The analysis of ancient texts – without causing irreparable damage – is often challenging. However, researchers working at Leiden University and the Bodleian Libraries have managed to unearth a layer of pictographic scenes hidden for 500 years from a Mesoamerican codex, suggesting that hyperspectral imaging may be the non-invasive key to analyzing these fragile texts.

According to Ludo Snijders, who worked on the project during his MA, the team’s main challenge was recovering organic lakes (pigments created by precipitating a dye with an inert binder) from underneath a layer of gesso paint, made of gypsum and chalk. Many analytical techniques could not be used because of the organic nature of the paint. “We applied a wide range of imaging techniques, including infrared and reflectance transformation imaging (RTI),” he says. “We tried one – photothermal tomography – based on the principle that the absorption of visible light causes production of heat.
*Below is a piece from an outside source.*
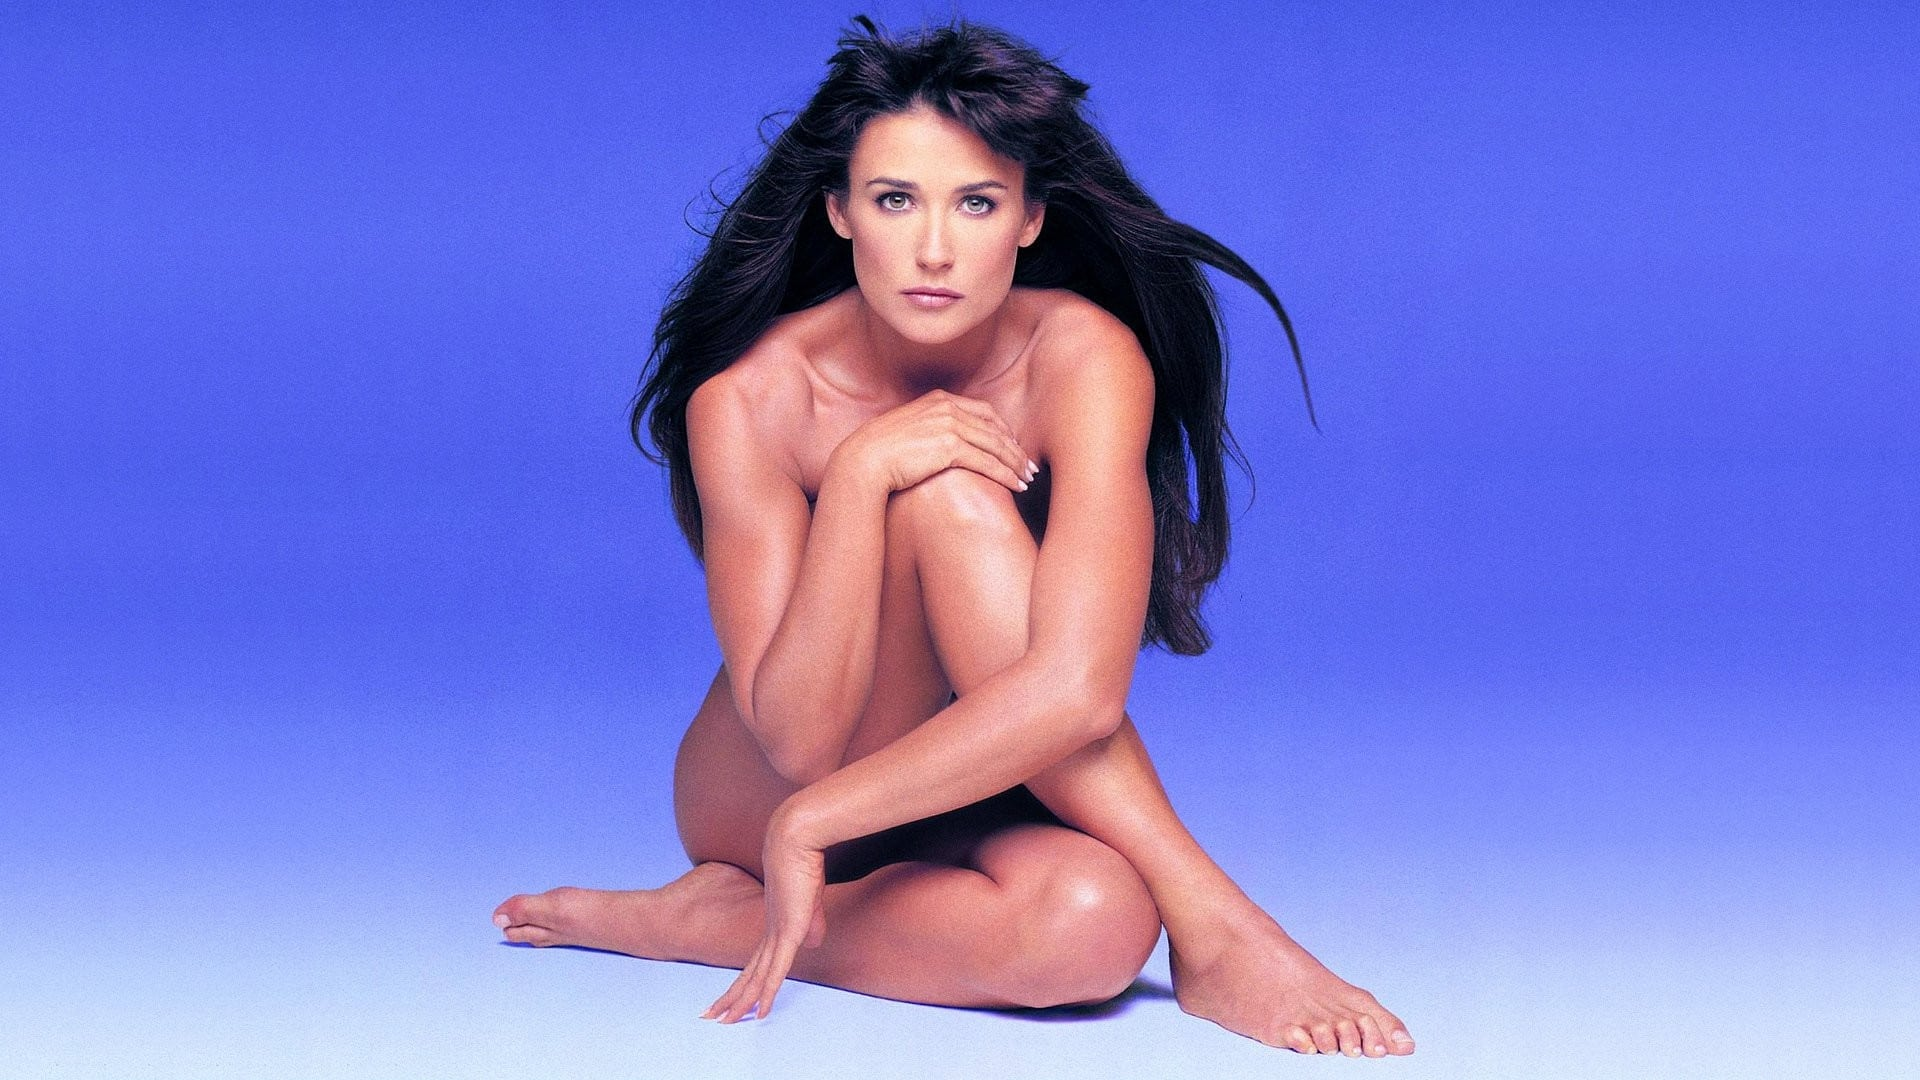 Striptease Demi Moore Editorial Stock Photo

This same principle can be used to detect subsurface colors if your thermal camera is sensitive enough to detect the minute changes in temperature.” An issue that arose when they tried this on the original, however, was that the gesso turned out to be too porous, cracked, and delaminated. “The thermal energy produced by the subsurface absorption of light by the colors was not transmitted to the surface in any predictable way,” Snijders explains. “The only results we got were a series of uninterpretable blobs.”

Eventually the team hit on a technique better suited for this process – hyperspectral imaging spectroscopy (HIS), which generates a high number of spectral bands for each pixel of an image. “With this technique, we were able to reveal parts of the drawing hidden under the surface, and while we are not yet able to interpret these images completely we can already say that this subsurface text is different than any of the known texts,” says Snijders. “This is significant considering there are less than twenty precolonial Mesoamerican codices left in the entire world – and from the Mixtec area, where the codex was sourced, the number of books is as low as five. Thus, the recovery of even fragments of new text is very exciting!”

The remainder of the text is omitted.